In the world of law enforcement, the phrases “officer created jeopardy” or “officer induced jeopardy” are used to describe situations in which officers needlessly put themselves in a position where they must use deadly force to protect themselves.
Prater also brought in a trainer for OKCPD recruits who testified Sweeney had not followed de-escalation techniques taught by the department.
Under use-of-force standards laid out by the U.S. Supreme Court, police may justifiably use lethal force in situations where they have reason to believe there is a credible and immediate threat to themselves or others.

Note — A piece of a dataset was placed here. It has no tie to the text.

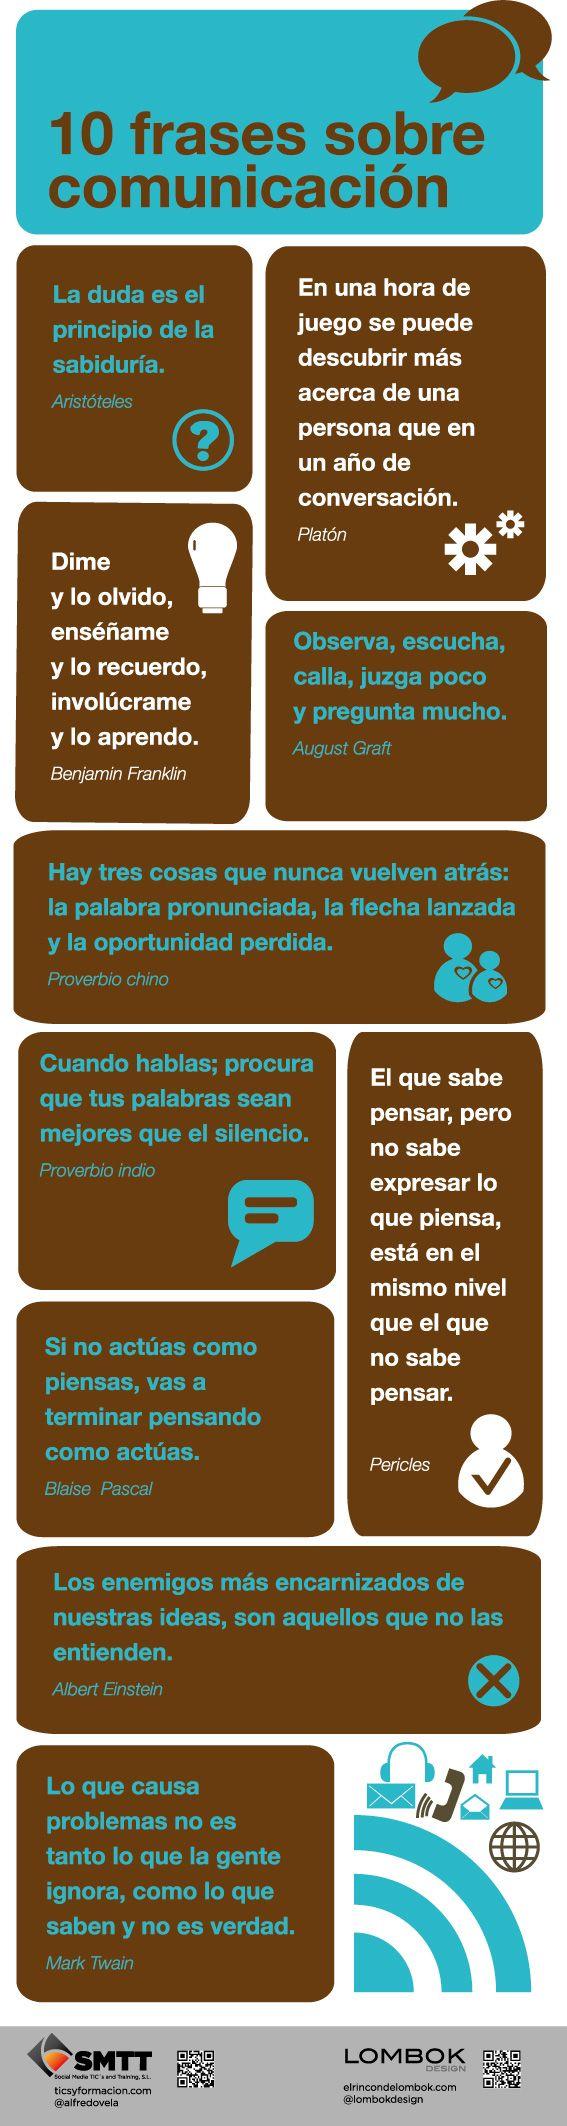 10 frases célebres sobre #comunicación

Sweeney, who pleaded not guilty, said he feared being attacked with a knife in the dark yard on the night of Pigeon's death. His lead defense attorney, Gary James, tried to poke holes in the case by telling Sweeney’s perspective. James told jurors Sweeney was not given enough information by his fellow officers and the police dispatcher. He also brought in an analyst who spoke about the limits of body camera footage.
The Oklahoma City Fraternal Order of Police released a statement directly after the verdict.
“Police officers routinely face split-second, life-altering decisions with incomplete information,” said OKC FOP President John George. “We know Sgt. Sweeney did not go to work that night expecting to be placed in this position. More and more, police officers are called to respond to people suffering mental health crises. Our community must increase funding to train officers and provide mental health services for people in need.”
Sweeney could spend the rest of his life in prison, though the jury recommended a ten-year sentence.